Kees Jonkman (Kitty)

Voor Kees Jonkman werd die middag in Mariposa, een speciaalzaak voor travestie, alles anders. Toen een medewerkster de perfecte pruik op zijn hoofd zette, het sluike haar zorgvuldig schikte en hem een spiegel voorhield, was ze daar ineens: Kitty. Niets kon hij uitbrengen. Hij kon zijn ogen niet afhouden van die zachtere versie van hemzelf. En hij dacht: naar jou ben ik al die ­jaren op zoek geweest. "Het was het mooiste moment uit mijn leven,"

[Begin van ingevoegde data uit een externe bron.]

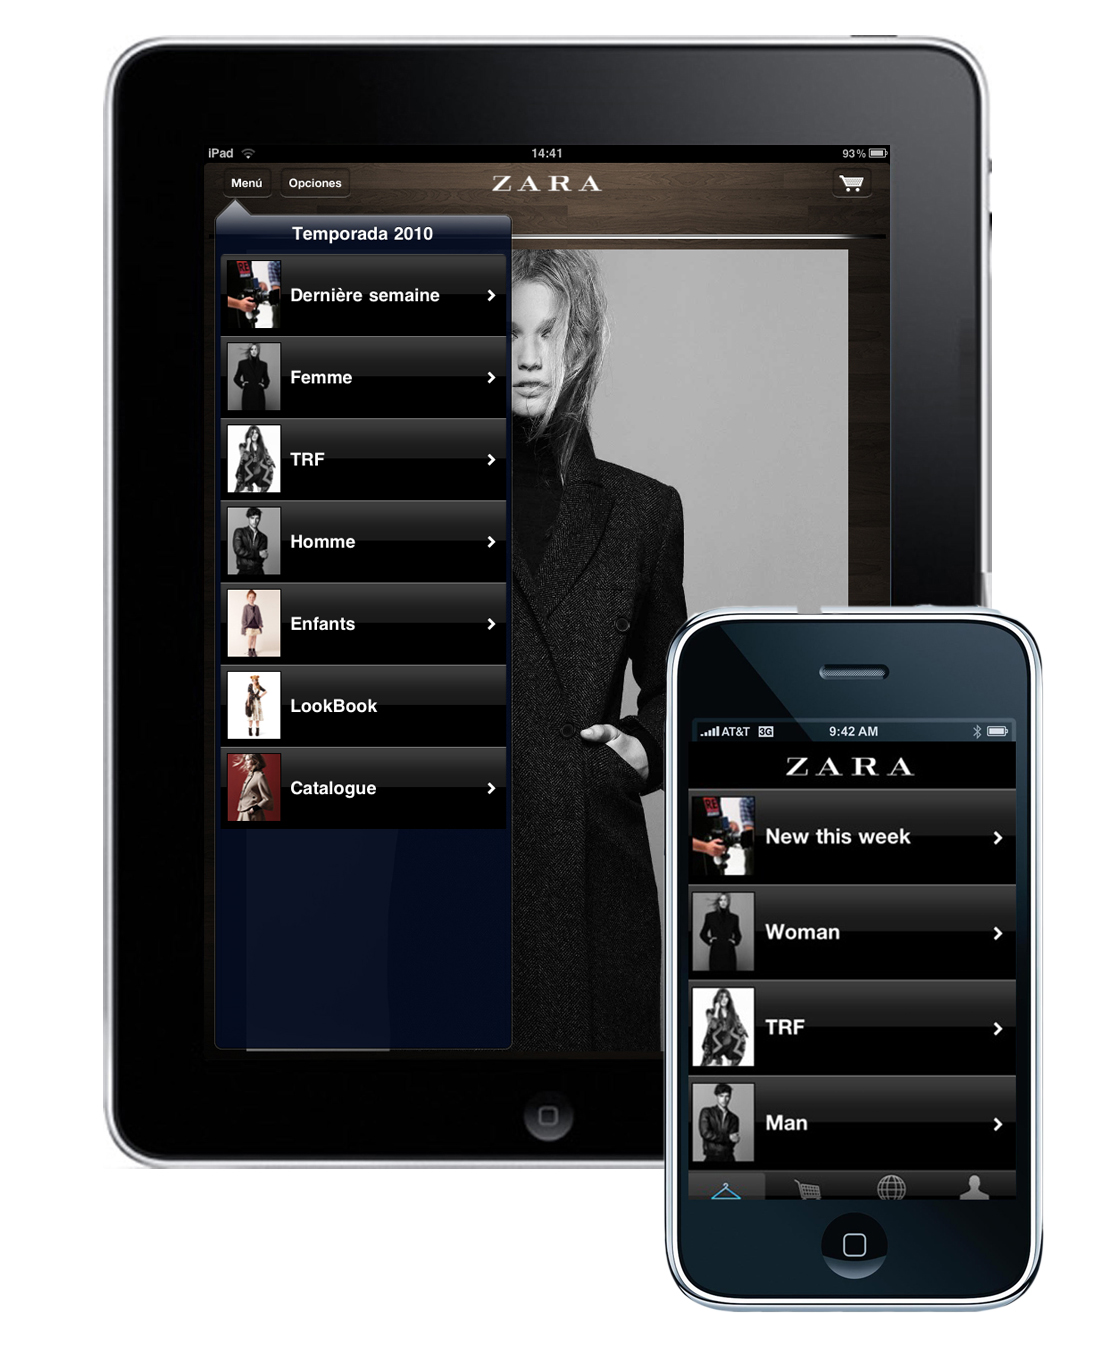 App iPhone d'enseignes (5/5) : les apps spéciales iPad

Het zat, achteraf bezien, altijd al in hem. Dertien jaar was Kees toen hij stiekem kleding uit de kast van zijn zus pikte. "Die trok ik aan als er niemand thuis was. Ik viel wel gewoon op vrouwen, maar voelde me vaak ook een meisje. Dat liet ik aan niemand merken. Kees was twee keer getrouwd, maar droeg zijn vrouwelijke gevoelens nooit uit. "Mijn ex-vrouwen wisten er niks van. Zelf was ik er ook niet mee bezig. Ik had het te druk met andere dingen." Rond zijn veertigste, nadat ook zijn tweede huwelijk was gestrand, zocht Kees online op travestie en transgenders. "Ik begreep eindelijk wat me mankeerde. Vanaf dat moment trad ik als Kitty naar buiten. Dat speelde zich vooral 's nachts in het uitgaansleven af." Overdag werkte Jonkman als bouwvakker. Hoewel hij soms moeilijk aansluiting vond in die machowereld, oogde hij zo potig en rauw dat zijn collega's hem eerder als een aardige, zonderlinge knakker beschouwden dan dat ze ooit een Kitty in hem hadden vermoed. 

Toch durfde Jonkman het op een dag aan om ze een foto van zichzelf als ­Kitty te laten zien.
"We dronken op vrijdagmiddag na het werk altijd een slokkie in de kroeg. Ik liet die foto zien. Mijn collega begon te lachen. 'Dat meen je niet, man! Ben jij dat? Je dolt me!' De foto ging meteen rond. Tot grote ­hilariteit van iedereen. Maar op een enkeling na werd het toch geaccepteerd."
Kees móest het wel vertellen, omdat het anders hoe dan ook was uitgekomen. Als Kitty voelde hij zich anders. Socialer, zachter, vrijer. Ze veroverde steeds meer terrein. Hij liet zijn haar groeien, kocht borstprotheses, schoor zijn benen glad en was zuinig op zijn lange nagels, al brak er met timmeren weleens eentje af. Glorietijden waren het, totdat hij er langzamerhand minder plezier in kreeg."Ik werd steeds vaker uitgescholden. Als ik de straat op ging, gewoon in spijkerbroek, niks hoerigs, kreeg ik scheldkanonnades over me heen: 'Homo! Vuile travestiet!' Ik kon mijn huis niet meer uit of het begon. Ook als ik gewoon in mijn bouwvakkerskloffie thuiskwam. Zelfs ­kinderen ­deden het. Dat vond ik het ergst."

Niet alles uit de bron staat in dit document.